Circulation Around an Airfoil and Starting Vortex

[Plasmosis1]

Homework Statement

Using Kelvin’s circulation theorem, find the qualitative and quantitative relation between the circulation around an airfoil and the circulation of the starting vortex.

Homework Equations

Kelvin's circulation theorem: DΓ/Dt=0

The Attempt at a Solution

I don't really know where to begin because I'm not given any information to work with. I don't even know what kind of airfoil or any flow conditions.

 

[JBA]

The only information I can give you is that to the degree that I understand it, Kevin's theorem basically states that for any given curve the properties of the fluid traveling along that curve will be constant at all points along that curve.

Beyond that, I hope that someone on our forum more knowledgeable on the subject can expand on how that relates to the problem given to you.

 

[stockzahn]

Homework Statement

Using Kelvin’s circulation theorem, find the qualitative and quantitative relation between the circulation around an airfoil and the circulation of the starting vortex.

Homework Equations

Kelvin's circulation theorem: DΓ/Dt=0

The Attempt at a Solution

I don't really know where to begin because I'm not given any information to work with.

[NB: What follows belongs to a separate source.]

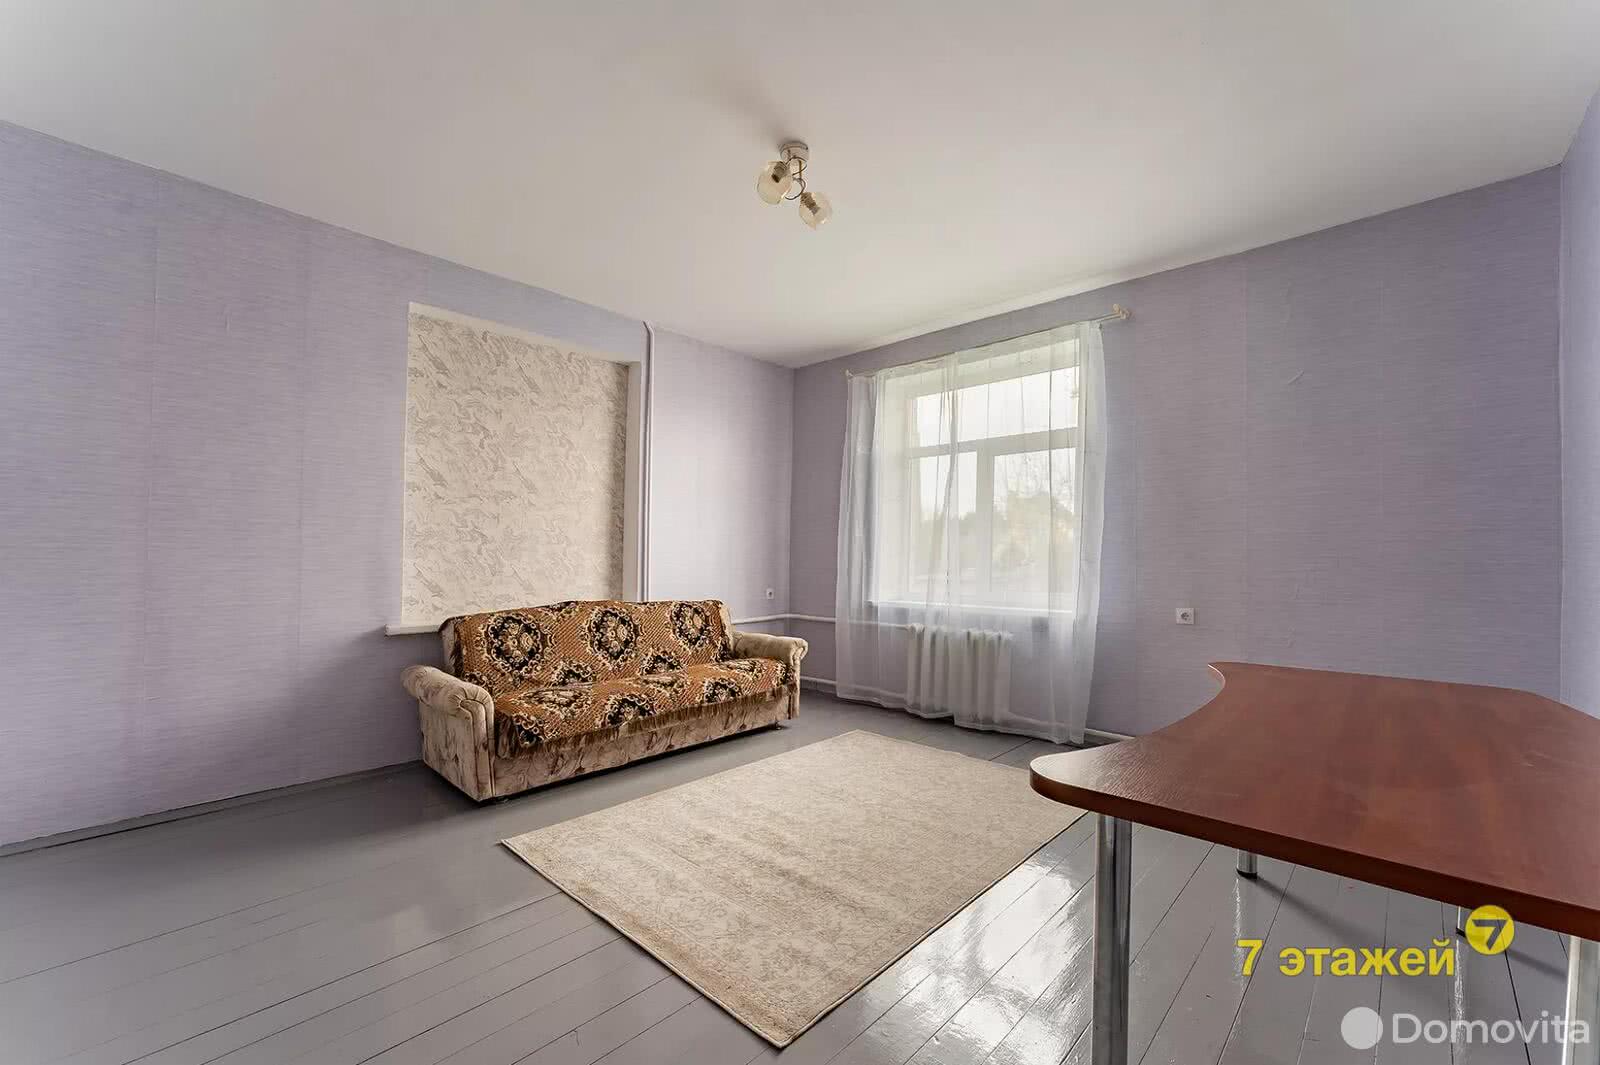 дом, Щомыслица, ул. Кирюникова, стоимость продажи 593 518 р.

I don't even know what kind of airfoil or any flow conditions.

With the circulation Γ the lift of an airfoil (or of a spinning cylinder, etc.) can be calculated. It is defined as the closed-loop integral of the velocity at the surface of the airfoil. Due to friction and inertia the fluid is deflected at the airfoil and will leave the surface parallel to its rearward edge (with no separation/Kutta-Joukowski condition). Calculating the circulation of this situation Γ≠0 - that means it is a difference for a particle wheter it flows on the one side or on the side of the airfoil, so what happens is dependent on the chosen way: The velocity field around the airfoil is not nonrotational, so a vortex is created. As Kelvin’s circulation theorem states that dΓ / dt = 0 and with starting (or variable) air flow the circulation around the airfoil will change (let's assume in the time Δt the change of the circulation was +ΔΓ), there also has to be a circulation -ΔΓ to fulfill Kelvin's theorem. That's what happens during the start of an airplane. When it accelerates the circulation around the wings changes and to "compensate" it another vortex rotating in the opposite direction has to be created - the starting vortex. In steady state flying mode the circulation around the wings is supposed to be constant, as no change occurs no "counter-vortices" are generated.

Γ = (closed-loop)∫ v^→ ⋅ dx^→ (around the airfoil surface)

The questions seems to be rather general, so the answer must be quite general too.